Which is the fastest way to read Json Files from S3 : Spark

14,581

If your JSON is uniformly structured I would advise you to give Spark the schema for your JSON files and this should speed up processing tremendously.

When you don't supply a schema Spark will read all of the lines in the file first to infer the schema which, as you have observed, can take a while.

See this documentation for how to create a schema: http://spark.apache.org/docs/latest/sql-programming-guide.html#programmatically-specifying-the-schema

Then you'd just have to add the schema you created to the jsonFile call:

val df = sqlContext.jsonFile("s3://testData/*/*/*", mySchema)

At this time (I'm using Spark 1.6.2) it seems as if jsonFile has been deprecated, so switching to sqlContext.read.schema(mySchema).json(myJsonRDD) (where myJsonRDD is of type RDD[String]) might be preferable.

Share:
14,581
Admin
Author by

Admin

Updated on June 22, 2022

Comments

  • Admin
    Admin almost 2 years

    I have a directory with folders and each folder contains compressed JSON file (.gz). Currently I am doing like:

    val df = sqlContext.jsonFile("s3://testData/*/*/*")
    df.show()
    

    Eg:

    testData/May/01/00/File.json.gz
    

    Each compressed file is about 11 to 17 GB.

    I have:

    1. Master: 1 c3.4xlarge
    2. Core: 19 c3.4xlarge
    3. Spark 1.5.2
    4. emr-4.2.0

    The compressed files have multiple json objects/file. This process takes huge amount of time just to read (just the the above two statements). Is there any faster way to do this? The schema is little complex as well. I am planning to write some queries to analysis the data set. But I am worried about the time it takes to read data from s3.

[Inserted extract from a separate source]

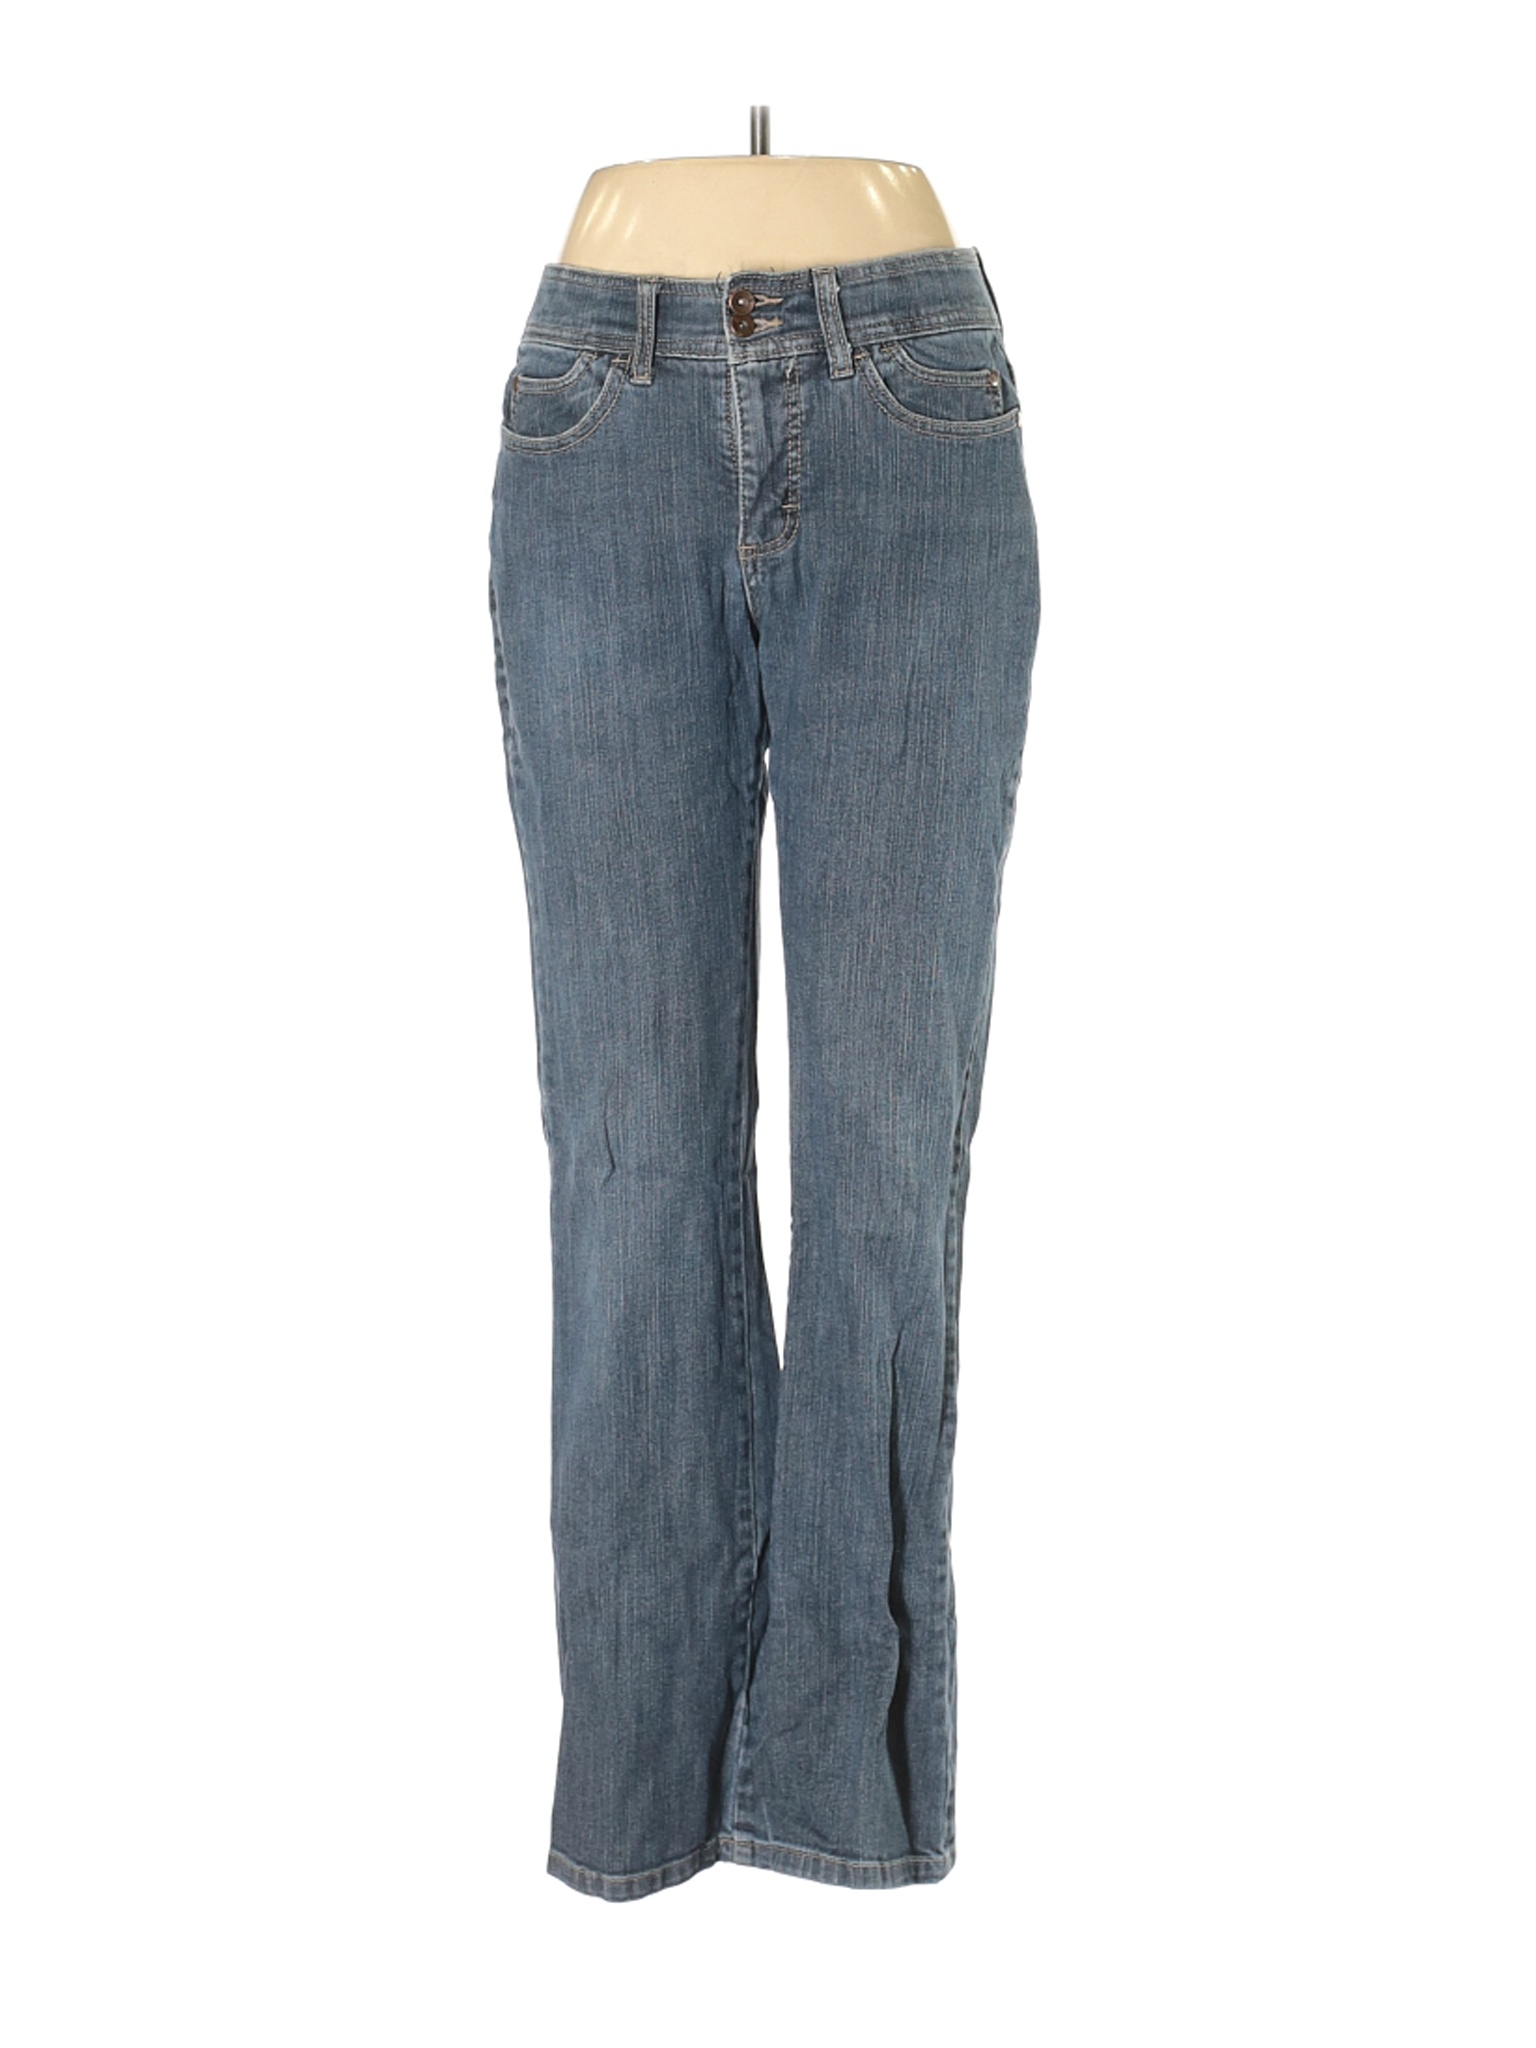 Lee Women Blue Jeans 8 | eBay

    Maximum load can be 10TB. I am planning to use cache to process queries later.

  • satoukum
    satoukum over 7 years
    I created a schema to see if using one would speed up the process of reading a file, and my query went from executing in 44s to taking 47m to execute. There could be some confounding variable for the load on the cluster at that time, but I thought it was interesting that it took so much longer. I am running Spark version 1.5.1.
  • ADAM
    ADAM about 7 years
    For those using newer versions of Spark sqlContext.jsonFile("...") is deprecated. Use sqlContext.read.json("...") instead.